It doesn't really matter what down last night. If Bisping knocked the guy out in the 1st 10 seconds then shock his hand and said what a great guy Jorge is you would still have a 200 post topic on this forum about how Bisping is still a douche and it was a lucky shot.

The guy can't win. For every negative post about Bisping there's a hundred others ready to jump aboard the bandwagon of hate.


----------



## FatFreeMilk (Jan 22, 2010)

Bisping, like he admits, is a sensitive guy. The type that'll trash talk to eternity but can't handle when someone picks on him. TBH if he really was as offended as he says he was, then I'm not that shocked by his actions.


----------



## bcneil (Nov 19, 2006)

I think some of us, need to get beyond the fighters as characters in the WWE, and as atheletes.

Who cares if a fighter is too brash, or you dont like his accent?

Watch the fight!

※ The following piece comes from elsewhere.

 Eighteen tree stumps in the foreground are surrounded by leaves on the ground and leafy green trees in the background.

It was a decent fight, Bisping did show more power than before, he looked very good actually.
How much did the dirty knee effect the second round? Who knows....


----------



## LizaG (May 12, 2008)

Bisping Post-Fight Interview



> "It just built up for so long. While they were making all these videos and bad-mouthing me, I was just focused on training and beating this guy. You know, I take my job very very seriously and I try to be a good ambassador for the sport and a good role model for my children. So I'm a little bit disappointed in myself for the antics post-fight a little bit. But, you know, *the guy, his cornermen was still screaming abuse at me, calling me a motherf*cker, an a**hole, a piece of sh*t, after the fight and at my cornermen, he was still screaming obscenities there and then.* And Jorge's saying it's just promotion, I'm like 'no, it wasn't promotion. Don't mock me on the Internet, *you know. My son seen these, his friends at school, things like that, mocking me like that, you know.' *That's not business to me, that's personal. ... No (I didn't deliberately spit at Jorge Rivera's corner), *I was spitting on the floor to him to let him know what I thought of him. I apologize for that*, I'd never want to act like that, and I apologize for losing my cool."

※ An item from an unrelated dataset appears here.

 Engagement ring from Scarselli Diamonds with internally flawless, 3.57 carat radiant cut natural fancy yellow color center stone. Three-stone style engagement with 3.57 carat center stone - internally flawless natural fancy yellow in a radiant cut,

Can't say I blame the guy.


----------



## The Horticulturist (Feb 16, 2009)

LizaG said:


> Bisping Post-Fight Interview
> 
> 
> 
> Can't say I blame the guy.


Where did you get that?

NM, I found it. I'm going to watch it again and see if I can hear anything!


----------



## bcneil (Nov 19, 2006)

streetpunk08 said:


> Bisping needs to fight and beat any one of the following to be taken seriously as a contenderhalhares,Marquardt,Vitor,Sonnen,Maia,Okami. The way I see it Bisping is a glorified can crusher the UFC milks for UK PPV buys.


I think this logic has been explain, but here goes.
In the UK, you do NOT have PPV.
If you want to see all the live UFC events, you get a yearly subscription. Works out to about $300 a year.
This includes fight nights too, that you cant see otherwise. So people that spend that much money want to see the sport, Bisping fighting a couple times a year doesn't play in that much. :sarcastic12:


----------



## Nomale (Apr 22, 2007)

To all of you complaining about people's double standards. It's not strange at all that opinions are relative to _who_ does what to _who_. Few wants to see someone get bullied by a prick, but many more would like it the other way around. It's no double standards. Don't you think the fact that a lot of people seem to have what you mean with "double standards" regarding Bisping, is plainly because they think he's a prick?


----------



## RFC (Jun 13, 2009)

Bisping definately overreacted but I can't blame the guy. Rivera and his cornermen got just what they deserved. I just wish Bisping wouldve smashed Rivera's boxing coach aswell.


----------



## SonOfZion (Feb 14, 2011)

RFC said:


> Bisping definately overreacted but I can't blame the guy. Rivera and his cornermen got just what they deserved. I just wish Bisping wouldve smashed Rivera's boxing coach aswell.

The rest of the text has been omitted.